Let's examine the structure and quality of our data.

In [None]:
# Display basic information about the dataset
print("📋 DATASET INFORMATION")
print("=" * 50)
df.info()
print("\n")

# Display first few rows
print("👀 FIRST 5 ROWS")
print("=" * 50)
display(df.head())

In [None]:
# Check for missing values
print("🔍 MISSING VALUES ANALYSIS")
print("=" * 50)
missing_data = df.isnull().sum()
missing_percent = (missing_data / len(df)) * 100

missing_df = pd.DataFrame({
    'Missing Count': missing_data,
    'Percentage': missing_percent
}).sort_values('Missing Count', ascending=False)

print(missing_df[missing_df['Missing Count'] > 0])
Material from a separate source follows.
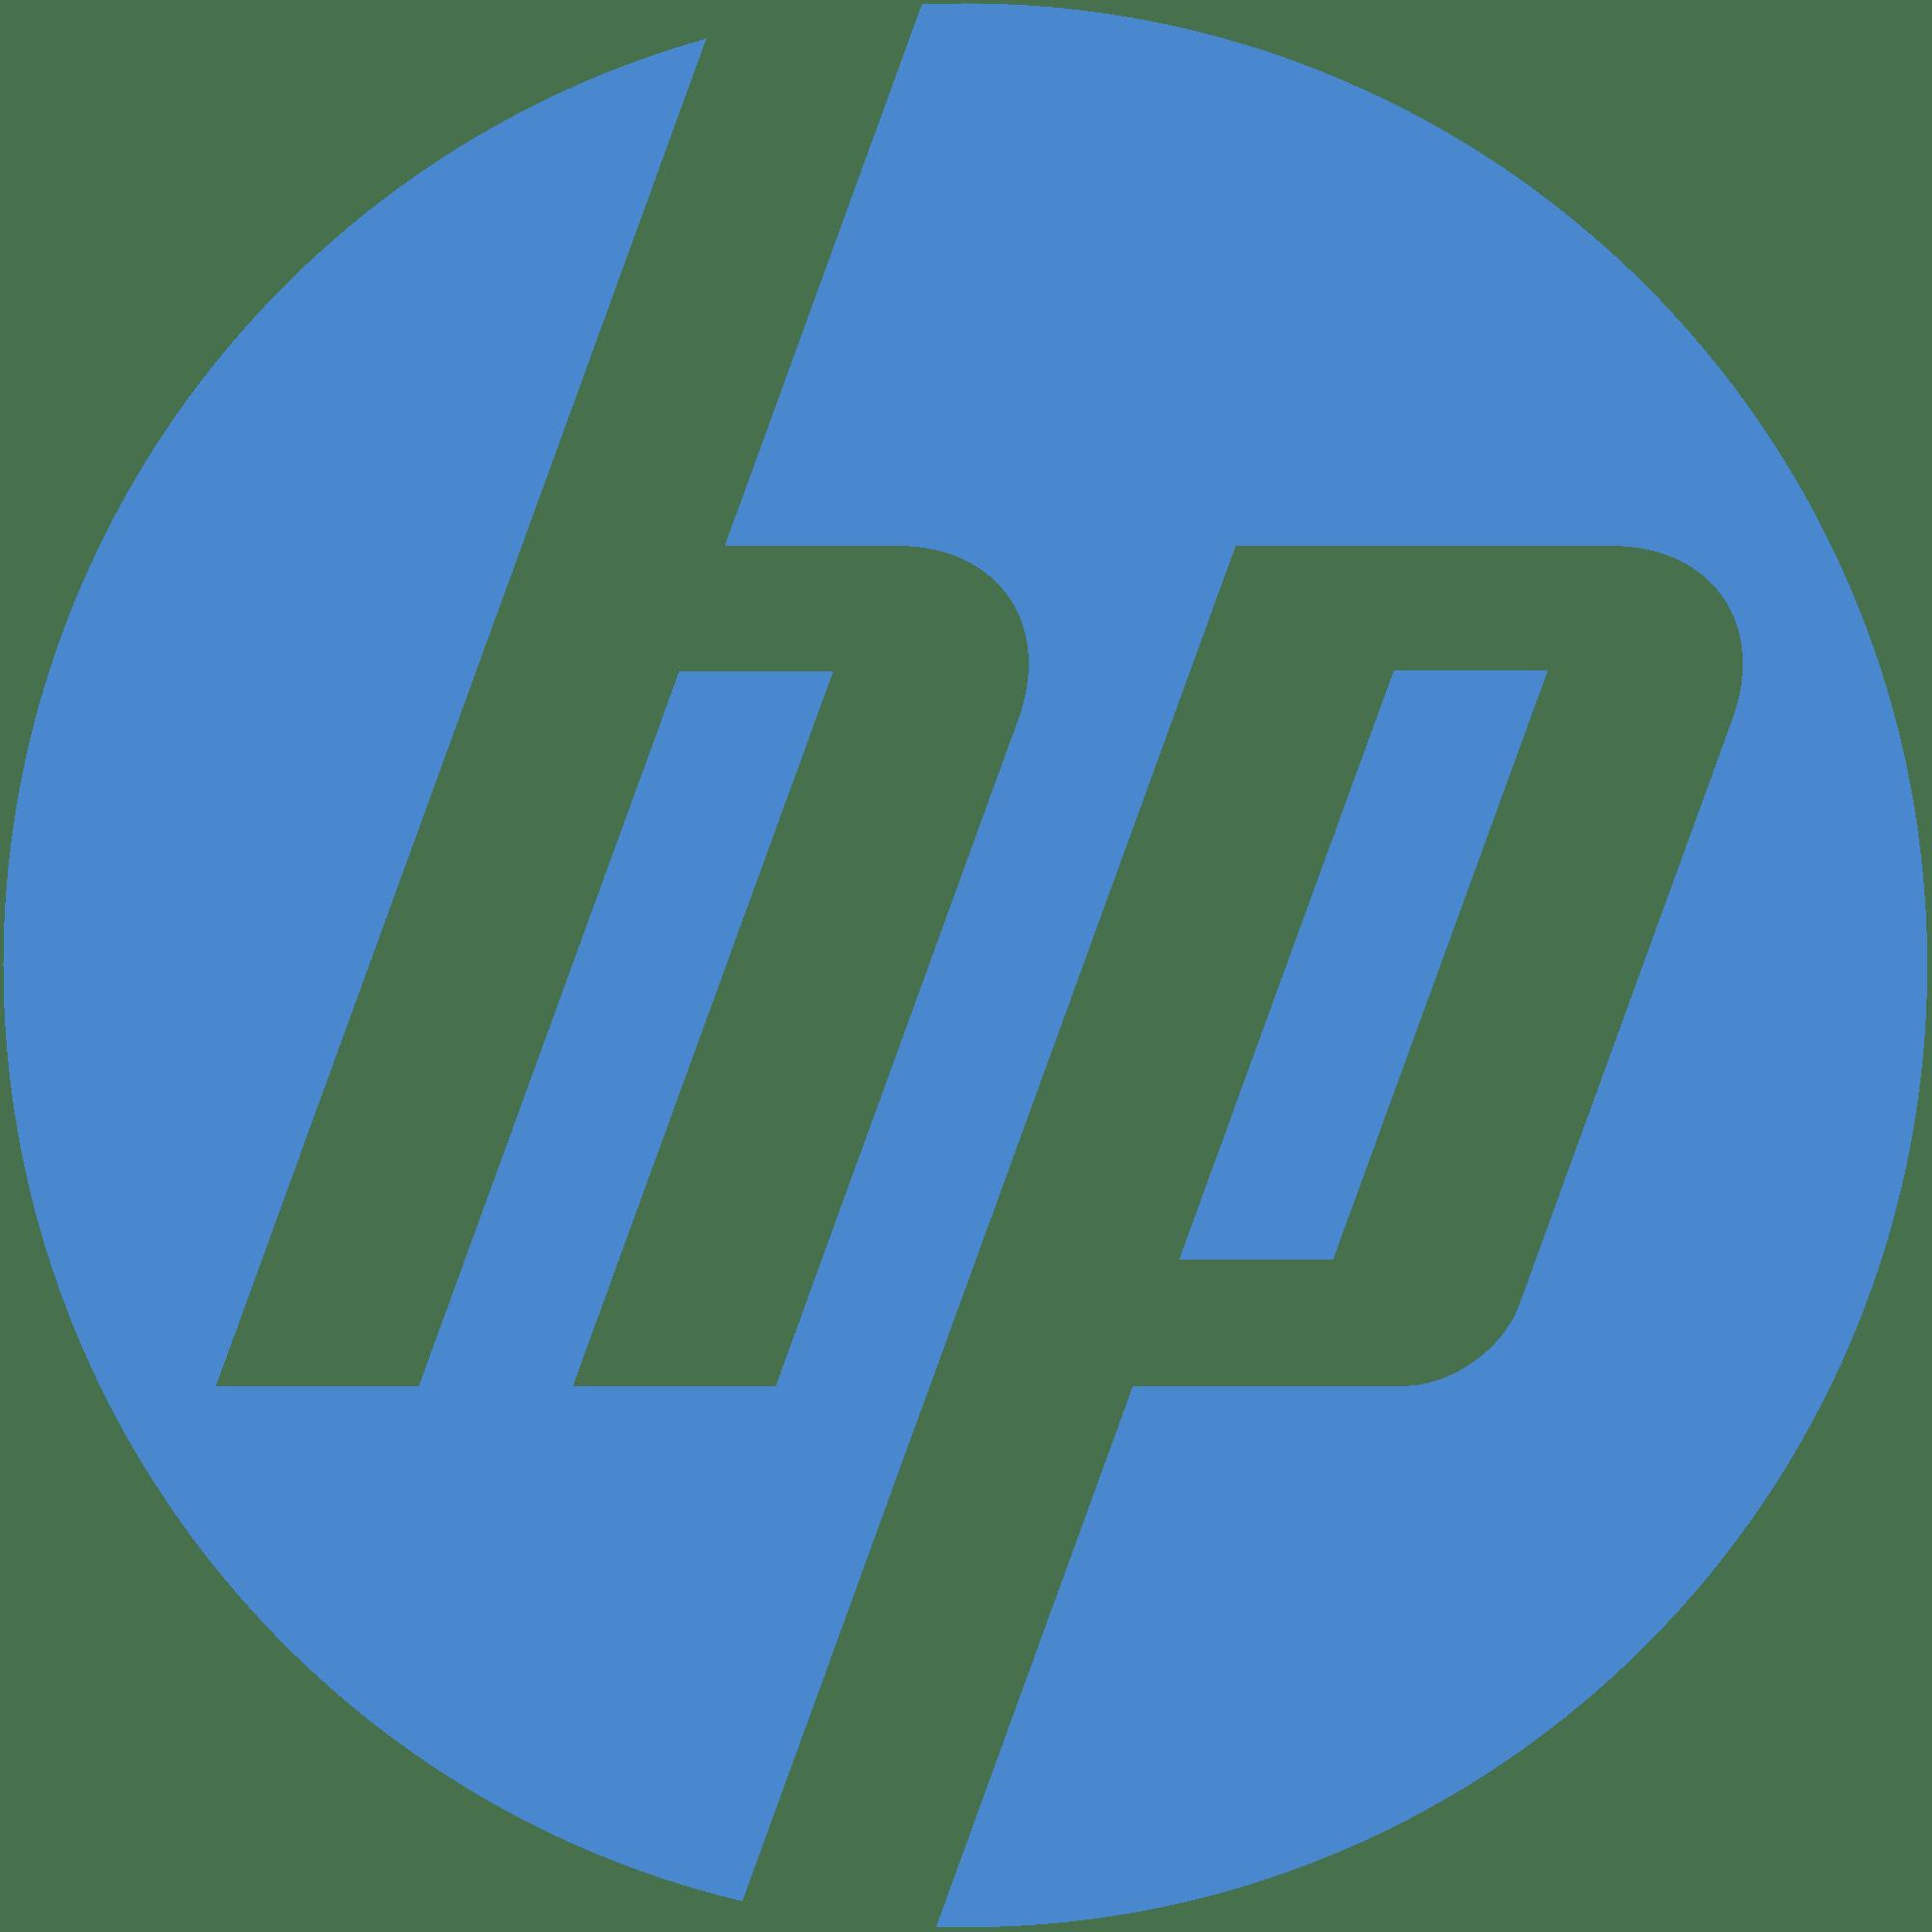 HP w2207h 22 inch LCD Monitor drivers

if missing_df['Missing Count'].sum() == 0:
    print("✅ No missing values found in the dataset!")
else:
    print(f"⚠️  Total missing values: {missing_df['Missing Count'].sum()}")

In [None]:
# Statistical summary
print("📊 STATISTICAL SUMMARY")
print("=" * 50)
display(df.describe())

print("\n📈 CATEGORICAL VARIABLES SUMMARY")
print("=" * 50)
categorical_cols = df.select_dtypes(include=['object']).columns
for col in categorical_cols:
    print(f"\n{col.upper()}:")
    print(df[col].value_counts())

## 🔍 Exploratory Data Analysis {#eda}

Now let's dive deep into understanding patterns in our employee data.

In [None]:
# Target variable analysis
print("🎯 TARGET VARIABLE ANALYSIS")
print("=" * 50)

# Assuming 'left' is our target variable (adjust if different)
target_col = 'left'  # Update this if your target column has a different name

if target_col in df.columns:
    retention_counts = df[target_col].value_counts()
    retention_percent = df[target_col].value_counts(normalize=True) * 100
    
    print(f"Employee Retention Status:")
    print(f"Stayed: {retention_counts[0]:,} ({retention_percent[0]:.1f}%)")
    print(f"Left: {retention_counts[1]:,} ({retention_percent[1]:.1f}%)")
    
    # Visualize retention distribution
    fig, (ax1, ax2) = plt.subplots(1, 2, figsize=(15, 6))
    
    # Count plot
    sns.countplot(data=df, x=target_col, ax=ax1)
    ax1.set_title('Employee Retention Distribution', fontsize=14, fontweight='bold')
    ax1.set_xlabel('Employee Status (0=Stayed, 1=Left)')
    ax1.set_ylabel('Count')
    
    # Pie chart
    colors = ['#2E8B57', '#CD5C5C']
    ax2.pie(retention_counts.values, labels=['Stayed', 'Left'], autopct='%1.1f%%', colors=colors, startangle=90)
    ax2.set_title('Retention Rate Distribution', fontsize=14, fontweight='bold')
    
    plt.tight_layout()
    plt.show()
else:
    print("❌ Target column 'left' not found. Please check column names.")
    print(f"Available columns: {list(df.columns)}")

In [None]:
# Correlation analysis
print("🔗 CORRELATION ANALYSIS")
print("=" * 50)

# Select numeric columns for correlation
numeric_cols = df.select_dtypes(include=[np.number]).columns
correlation_matrix = df[numeric_cols].corr()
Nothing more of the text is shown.